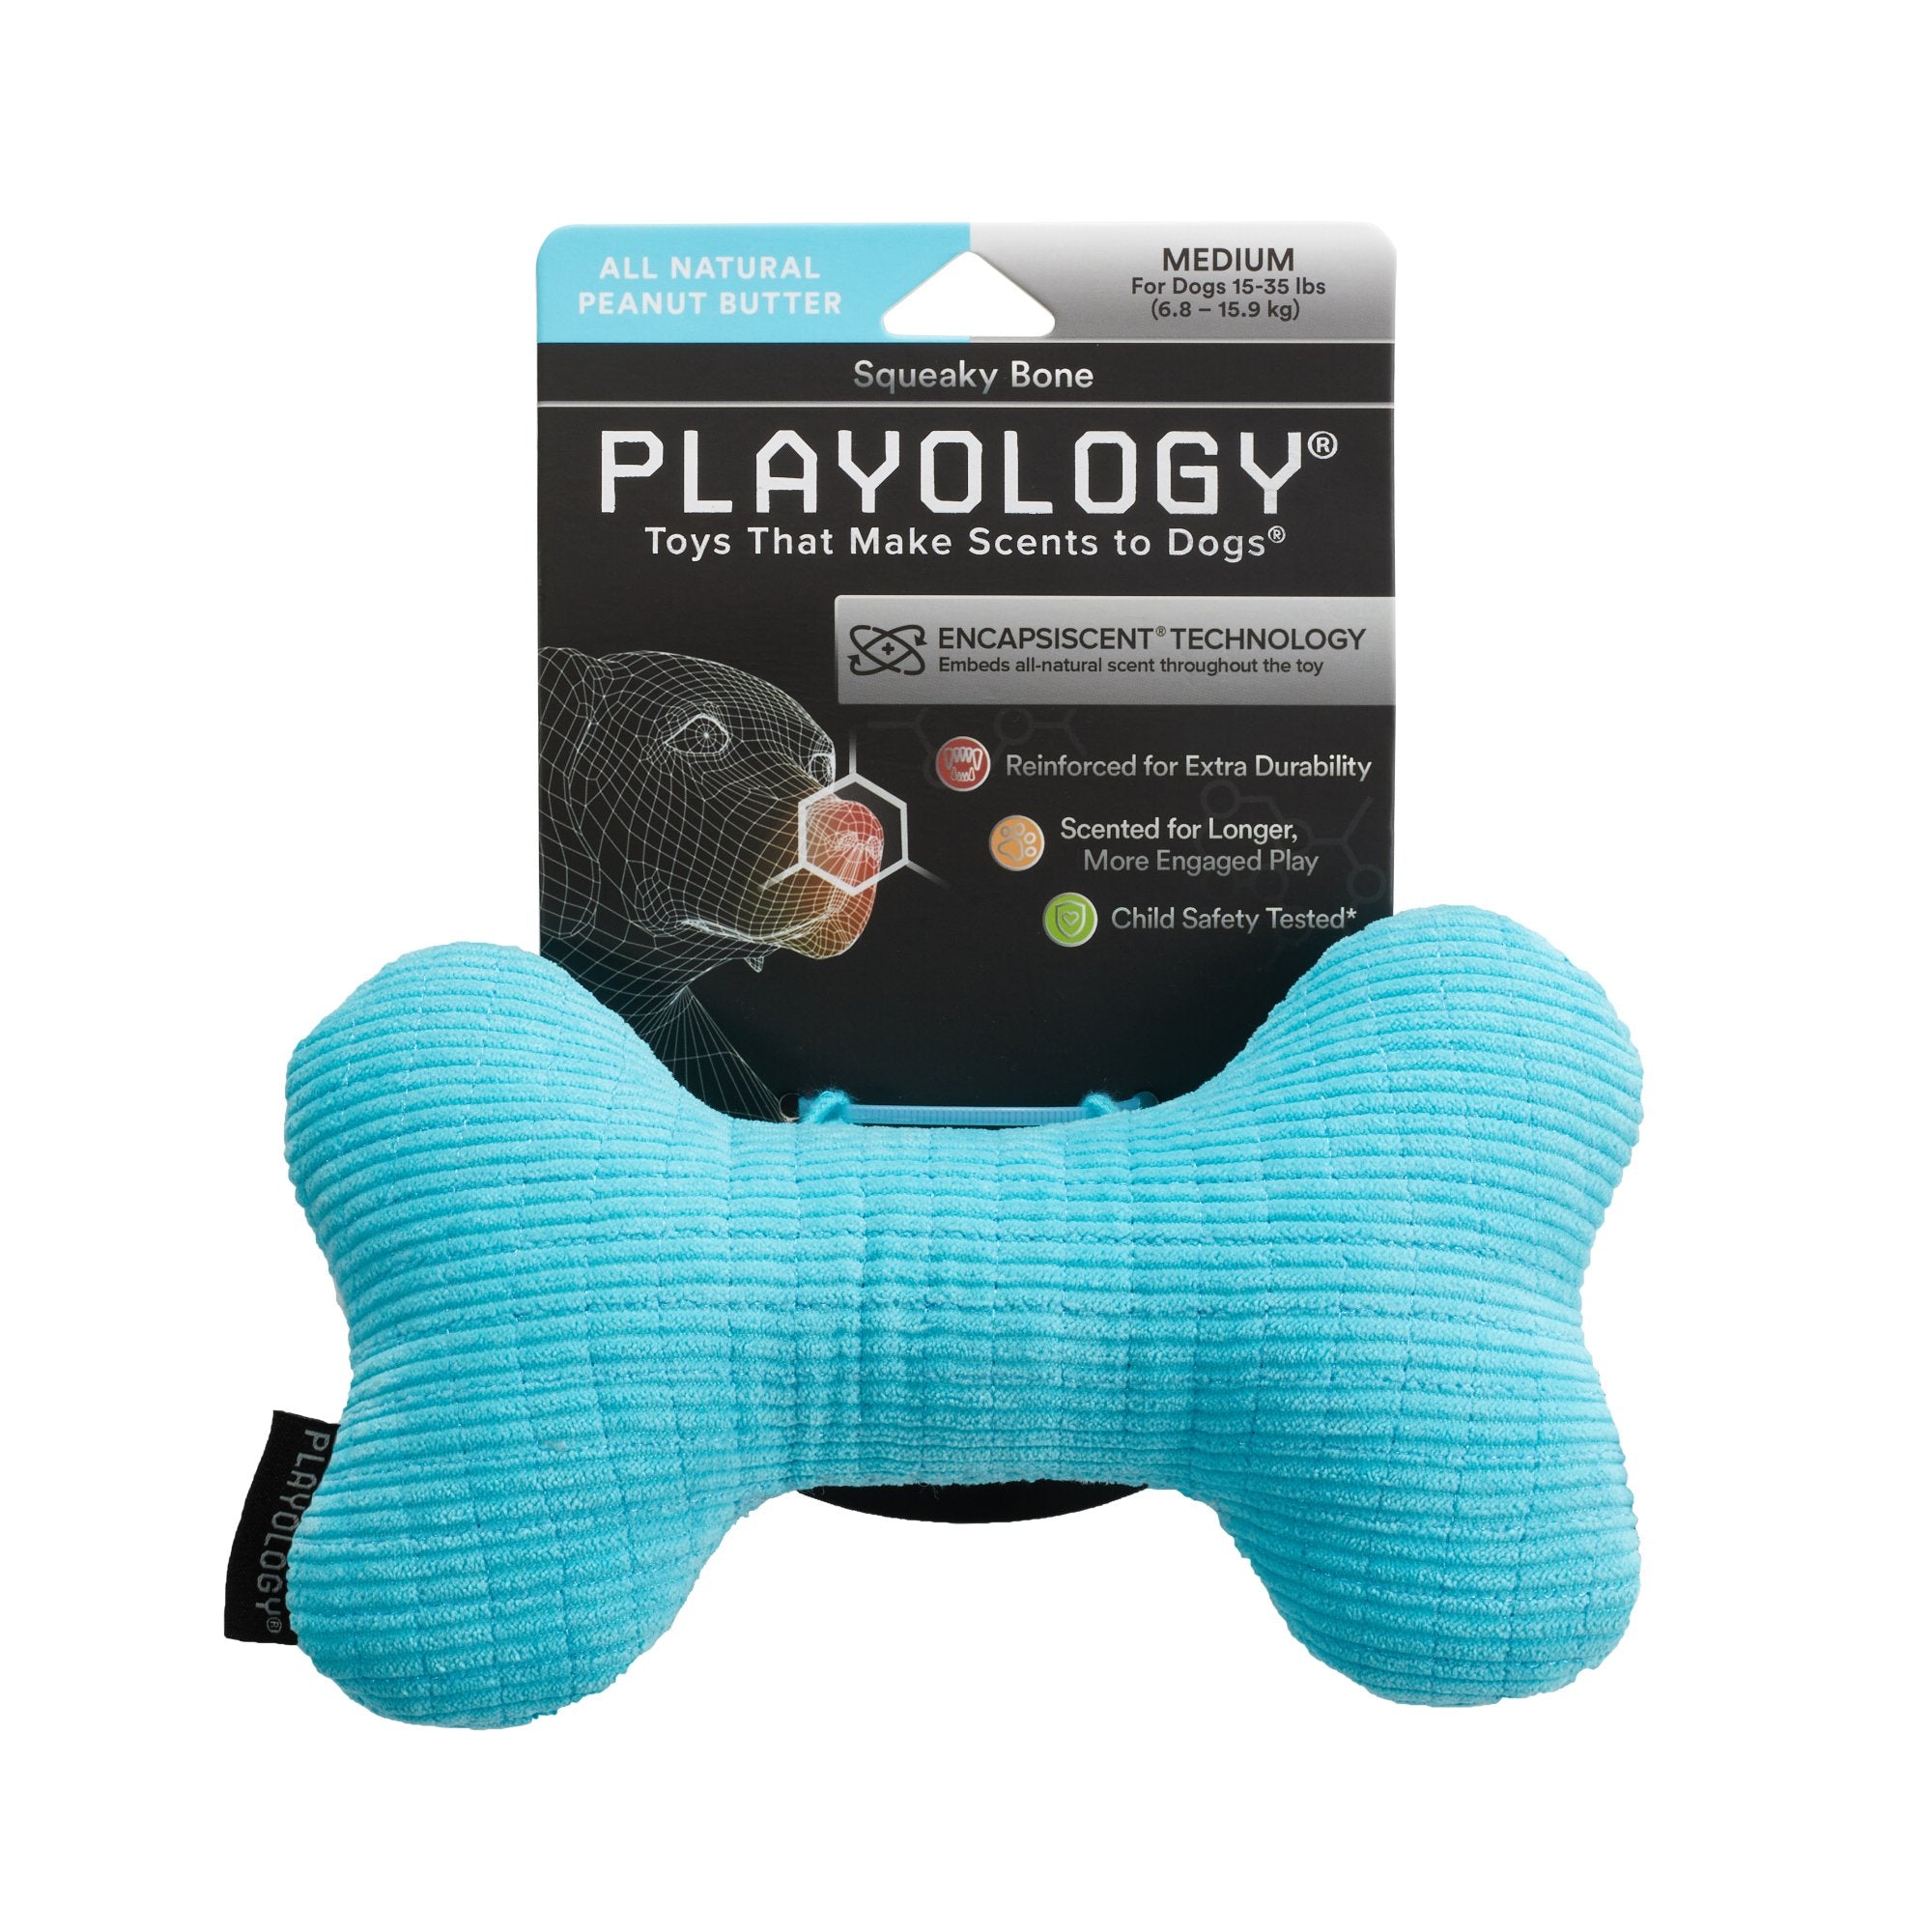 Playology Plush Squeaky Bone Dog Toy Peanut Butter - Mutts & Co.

...

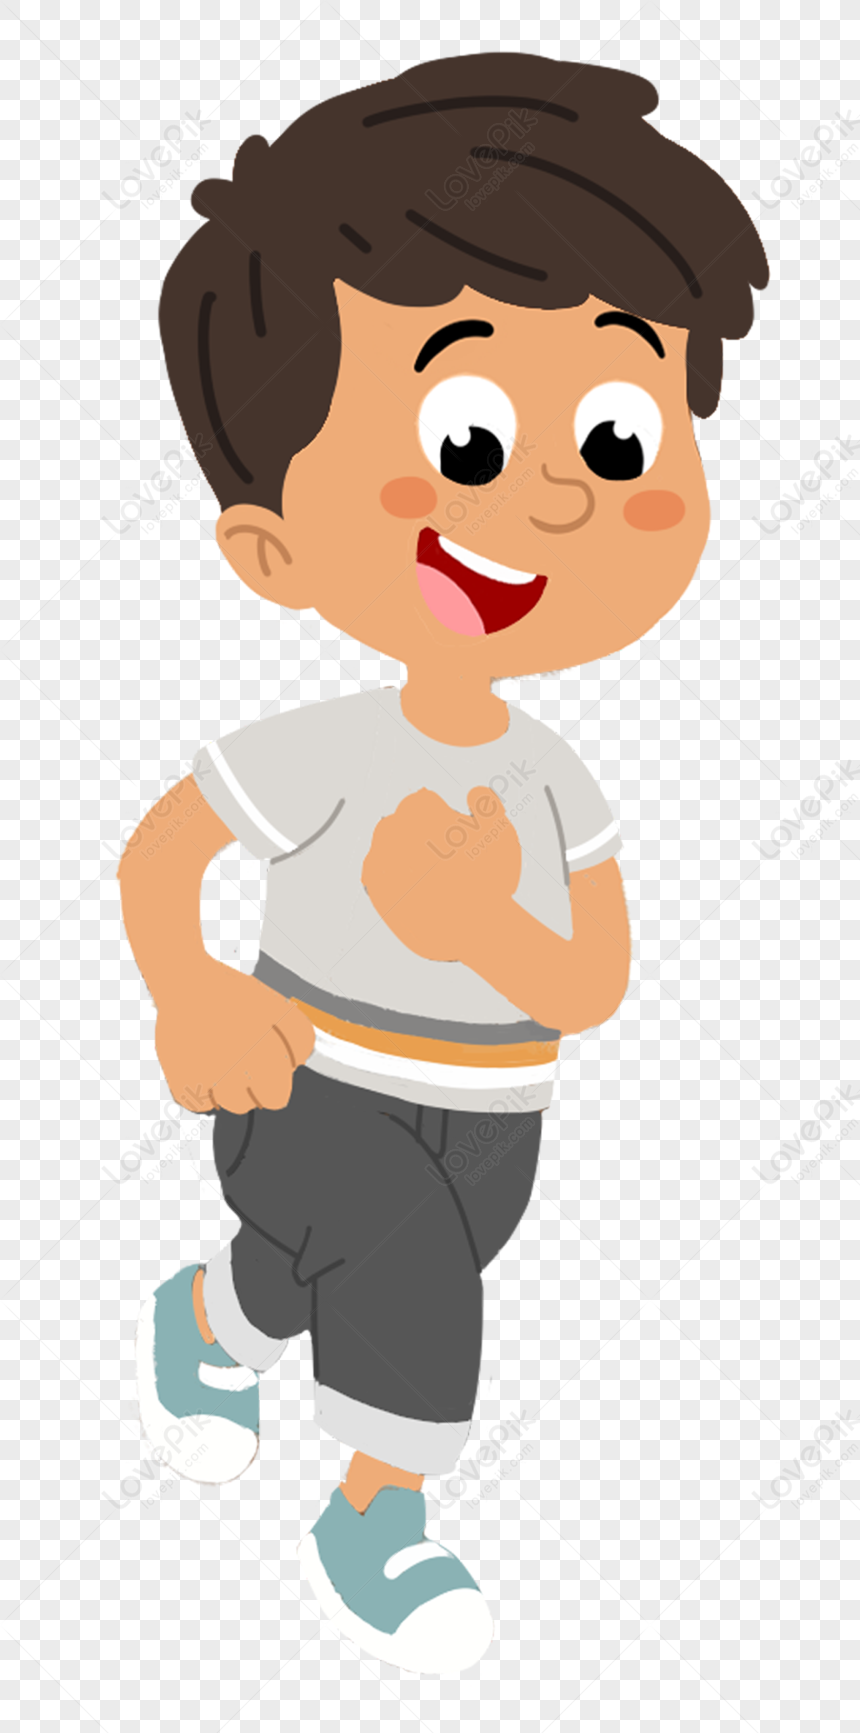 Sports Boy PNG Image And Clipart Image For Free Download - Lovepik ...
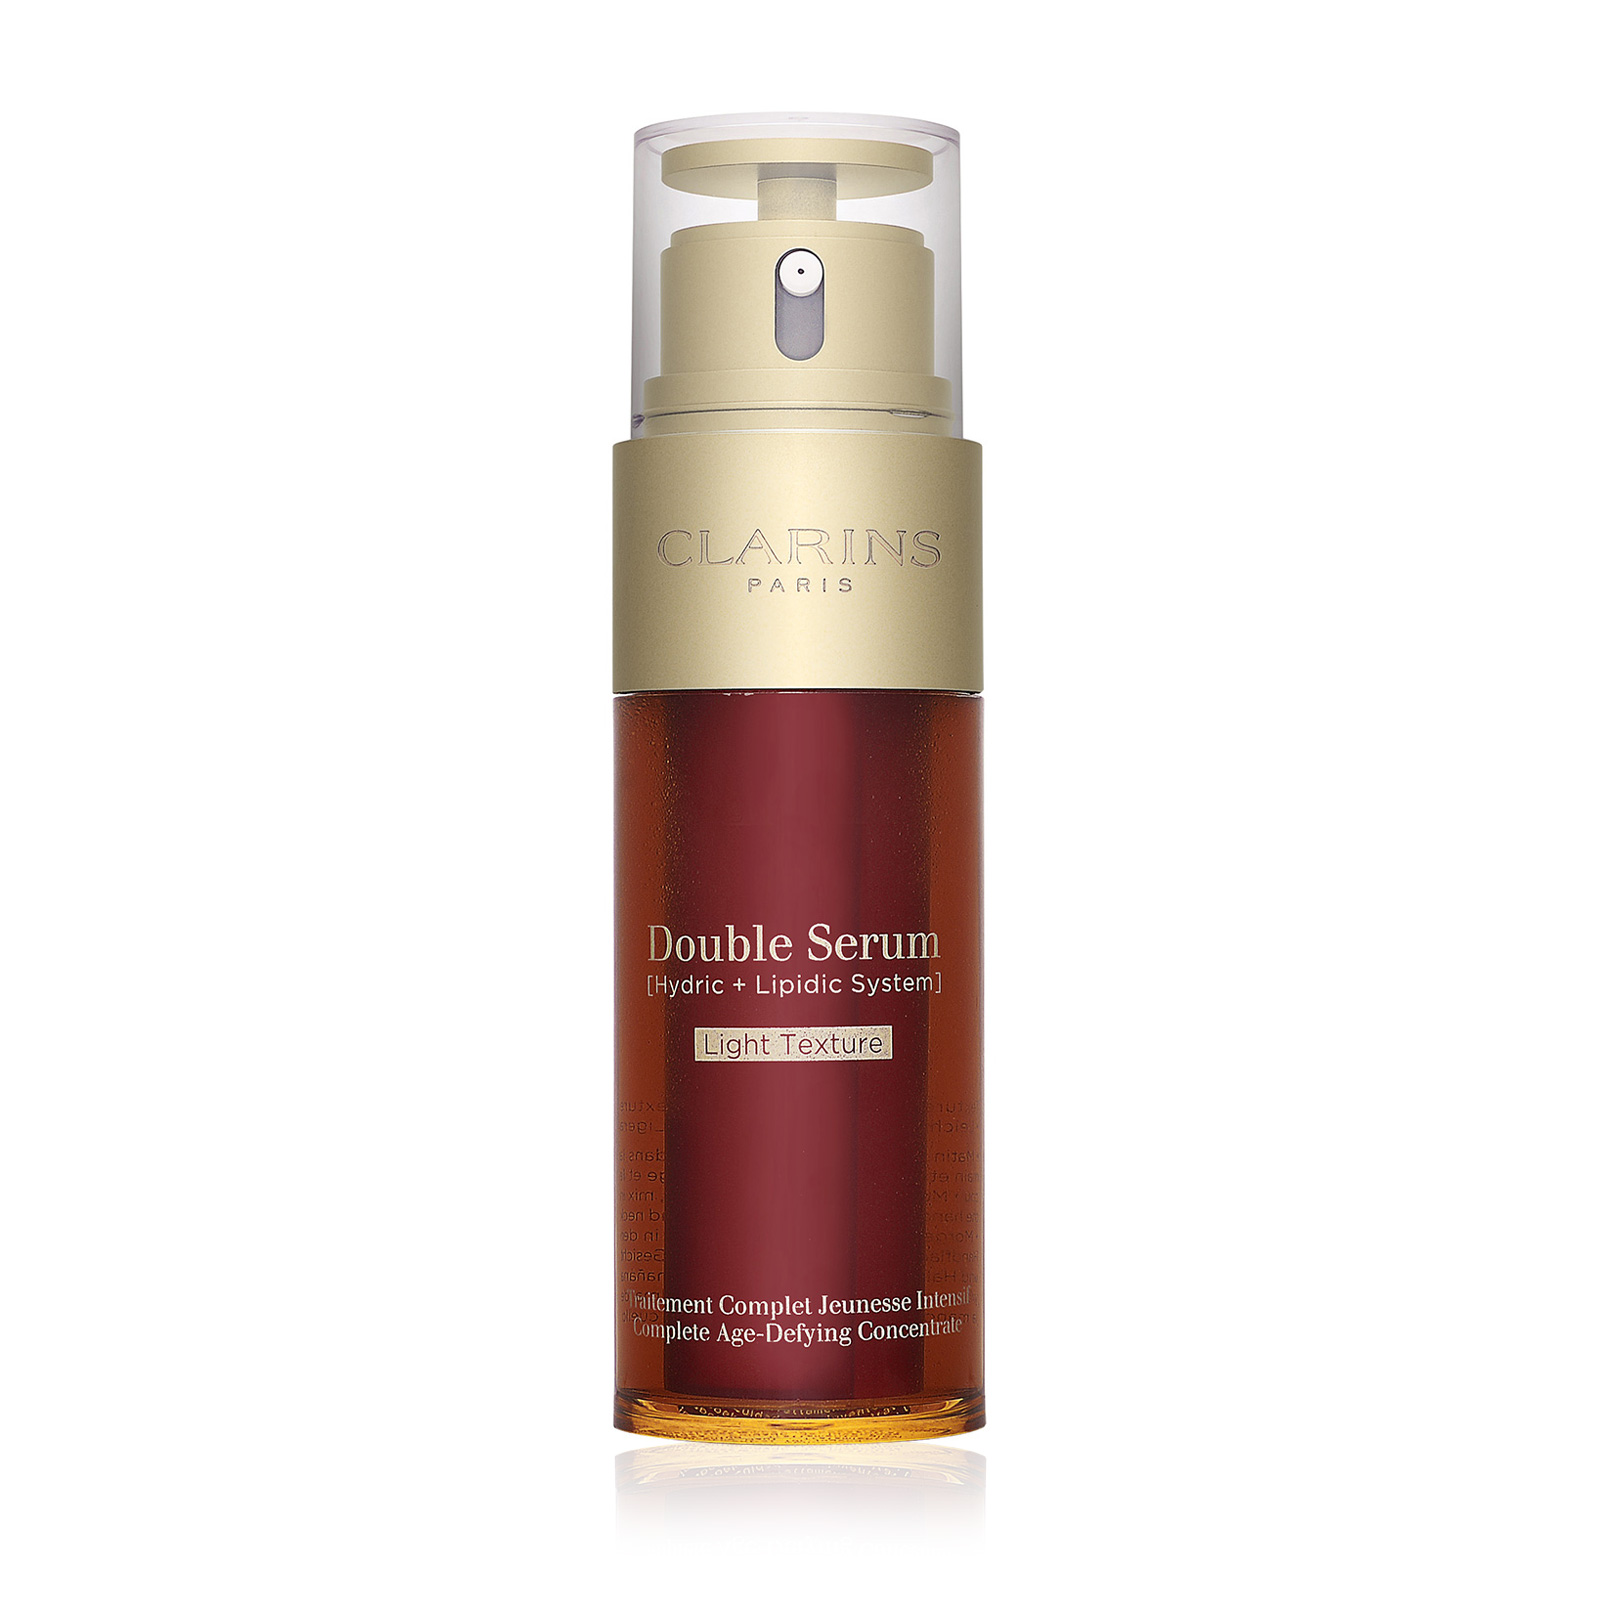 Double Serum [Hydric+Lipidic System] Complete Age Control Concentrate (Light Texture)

### Task statement:
Word for word, write out the lines above running from the one with "Sports Boy PNG" up to and including the one with "Double Serum [Hydric+Lipidic". Drop any picture.

### Solution to this exercise:
 Sports Boy PNG Image And Clipart Image For Free Download - Lovepik ...
 Double Serum [Hydric+Lipidic System] Complete Age Control Concentrate (Light Texture)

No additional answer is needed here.